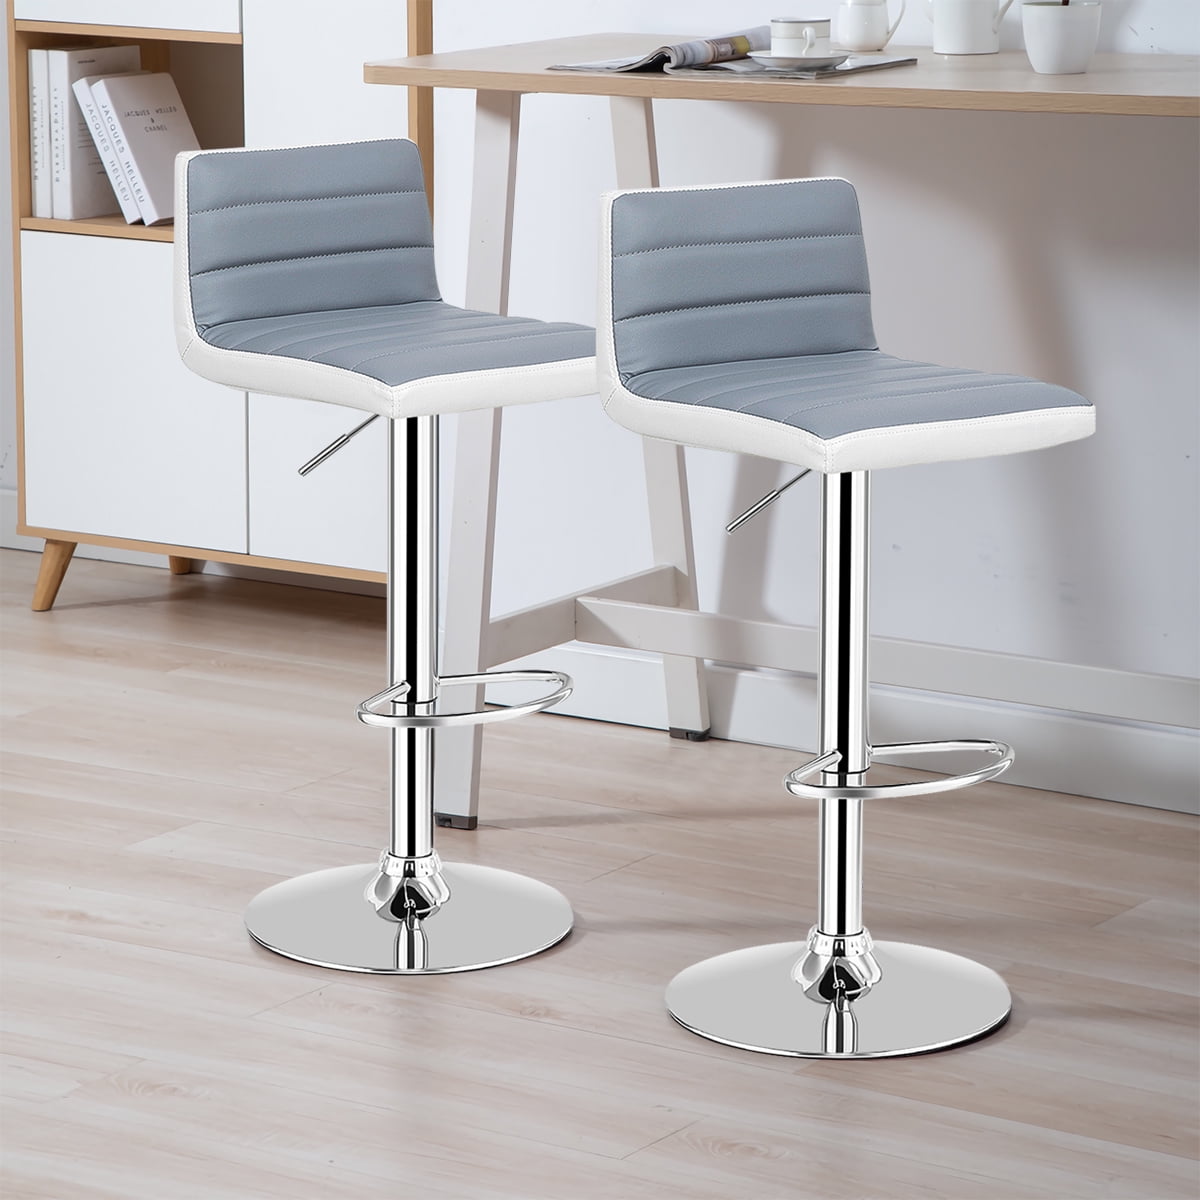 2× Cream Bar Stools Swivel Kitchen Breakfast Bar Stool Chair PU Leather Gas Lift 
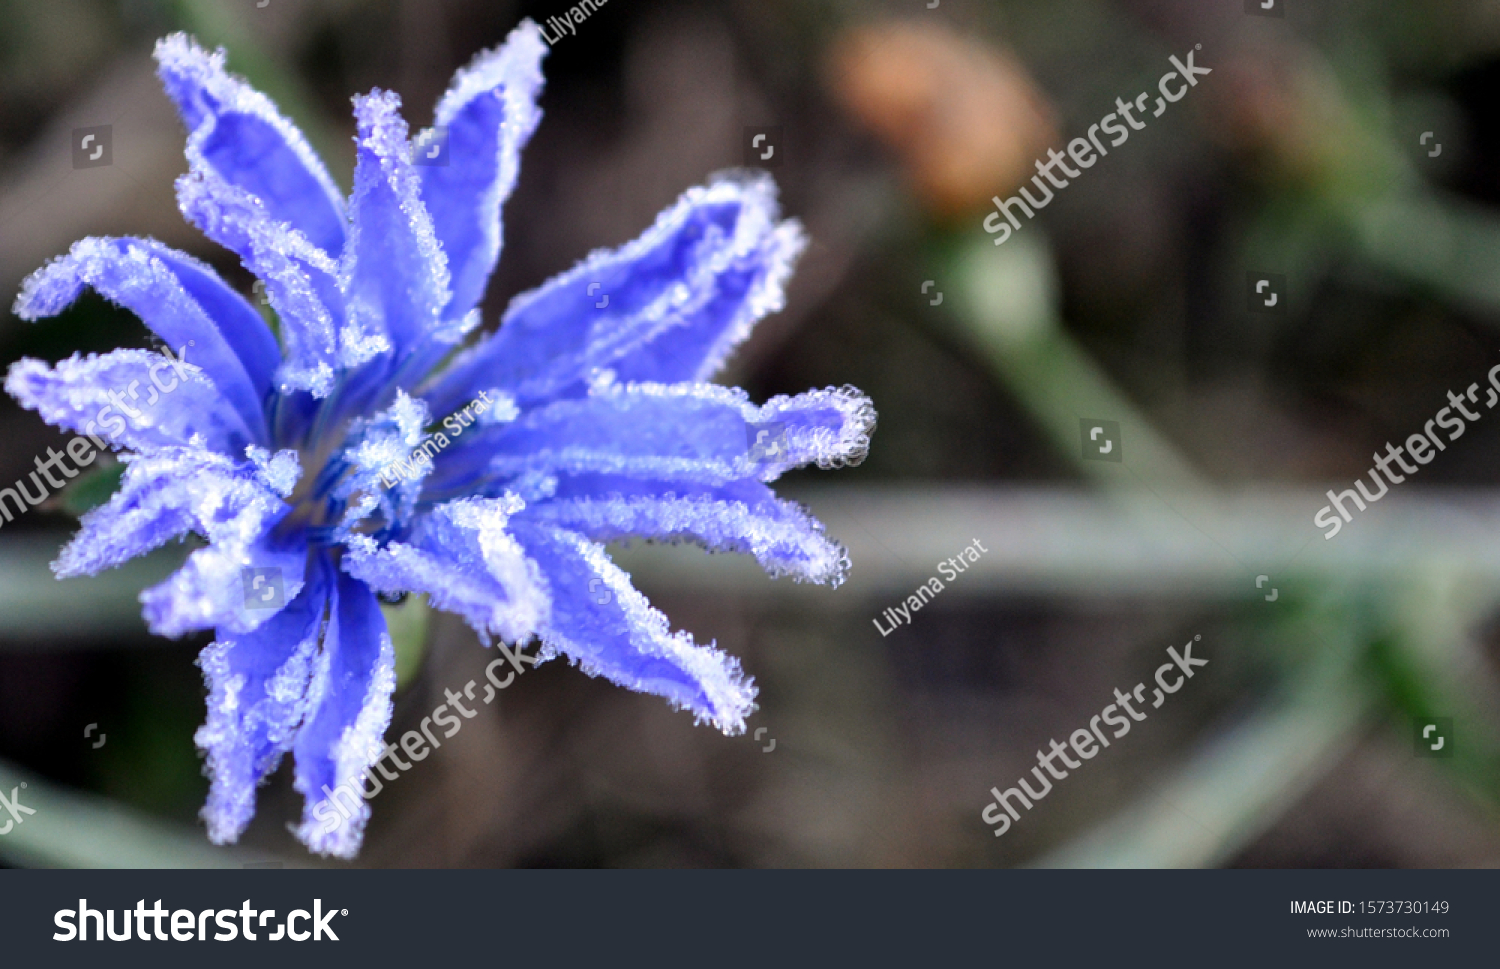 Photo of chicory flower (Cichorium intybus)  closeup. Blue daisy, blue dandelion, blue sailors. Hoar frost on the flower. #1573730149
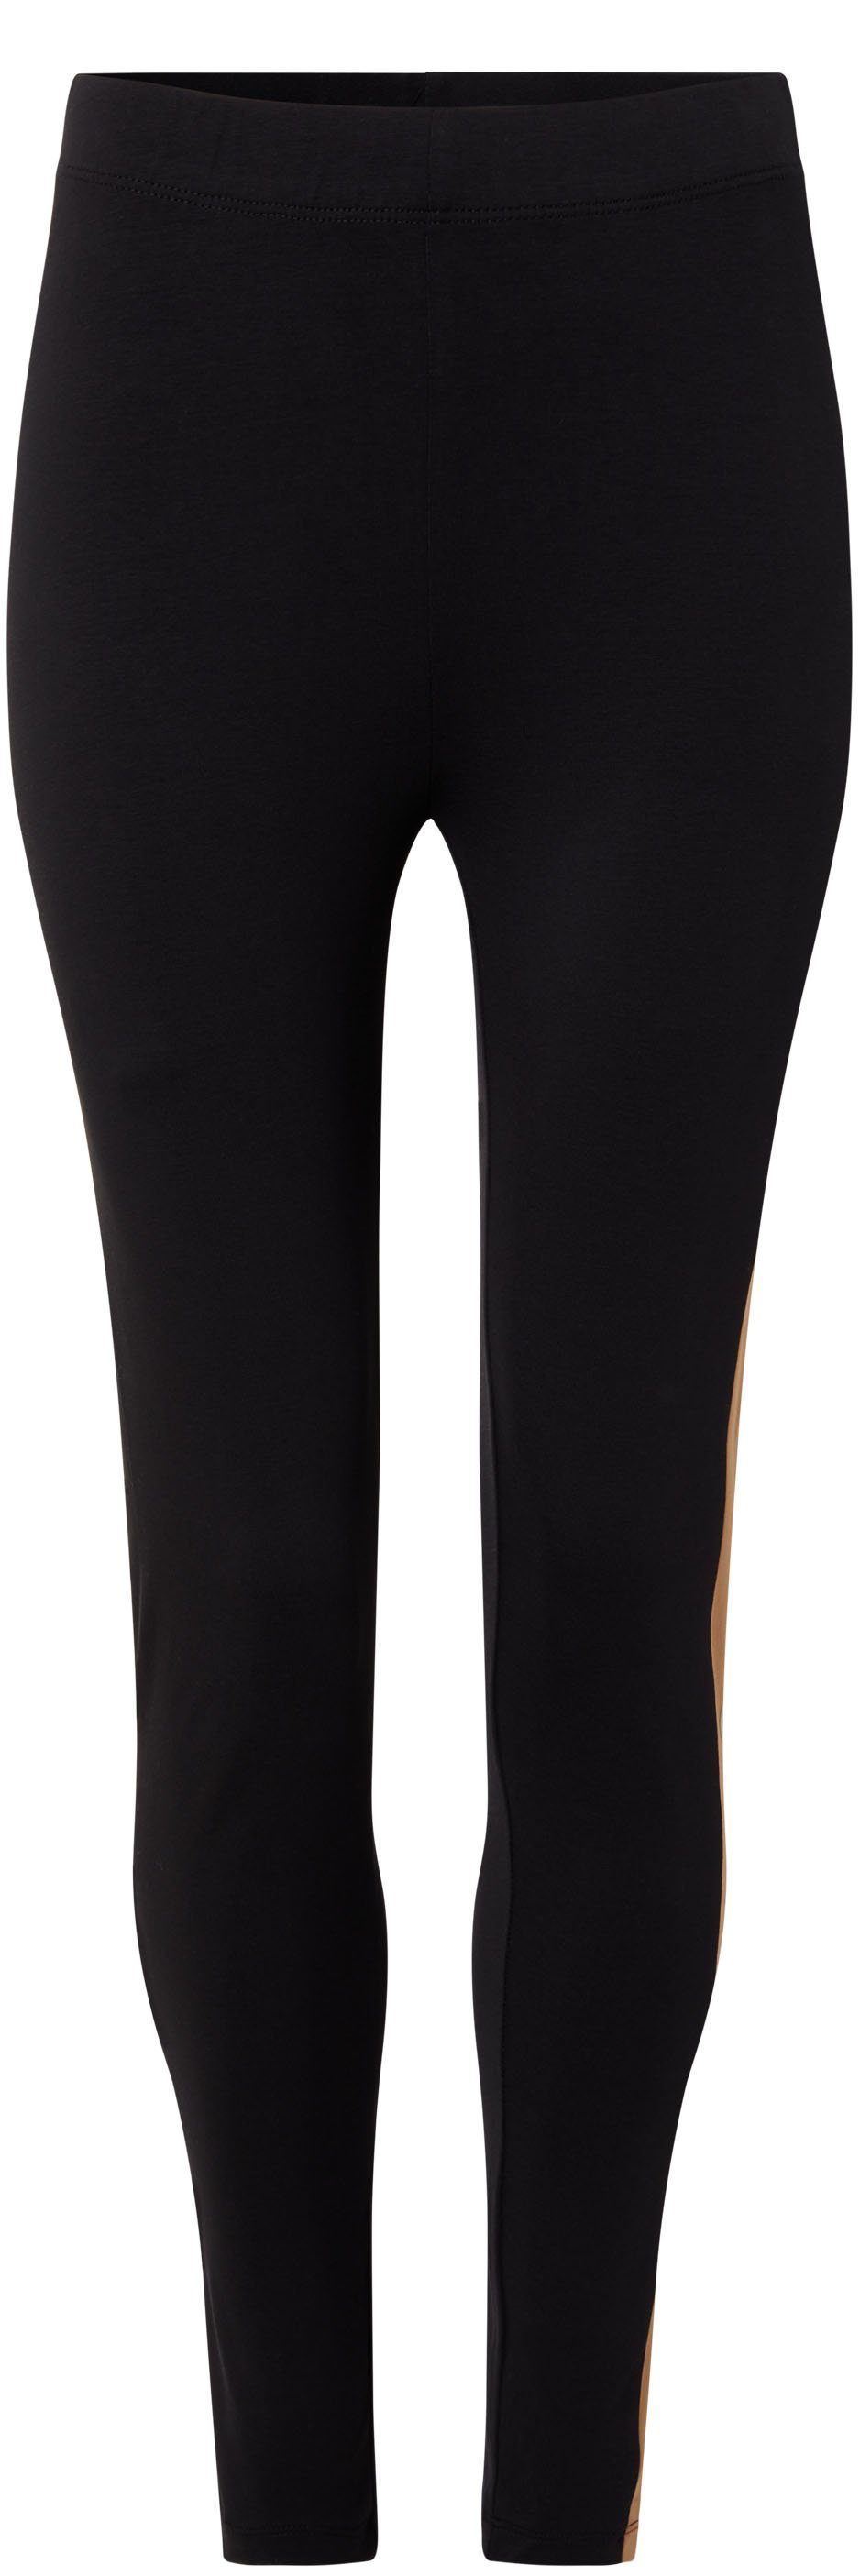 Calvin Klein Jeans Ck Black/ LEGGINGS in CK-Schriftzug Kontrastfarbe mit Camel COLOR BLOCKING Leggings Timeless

+++

Problem requirements>
Write out again, word for word, the lines from the one holding "Photo of chicory" through the final line of the listing, including both ends but no pictures.

Solution>
 Photo of chicory flower (Cichorium intybus)  closeup. Blue daisy, blue dandelion, blue sailors. Hoar frost on the flower. #1573730149
 Calvin Klein Jeans Ck Black/ LEGGINGS in CK-Schriftzug Kontrastfarbe mit Camel COLOR BLOCKING Leggings Timeless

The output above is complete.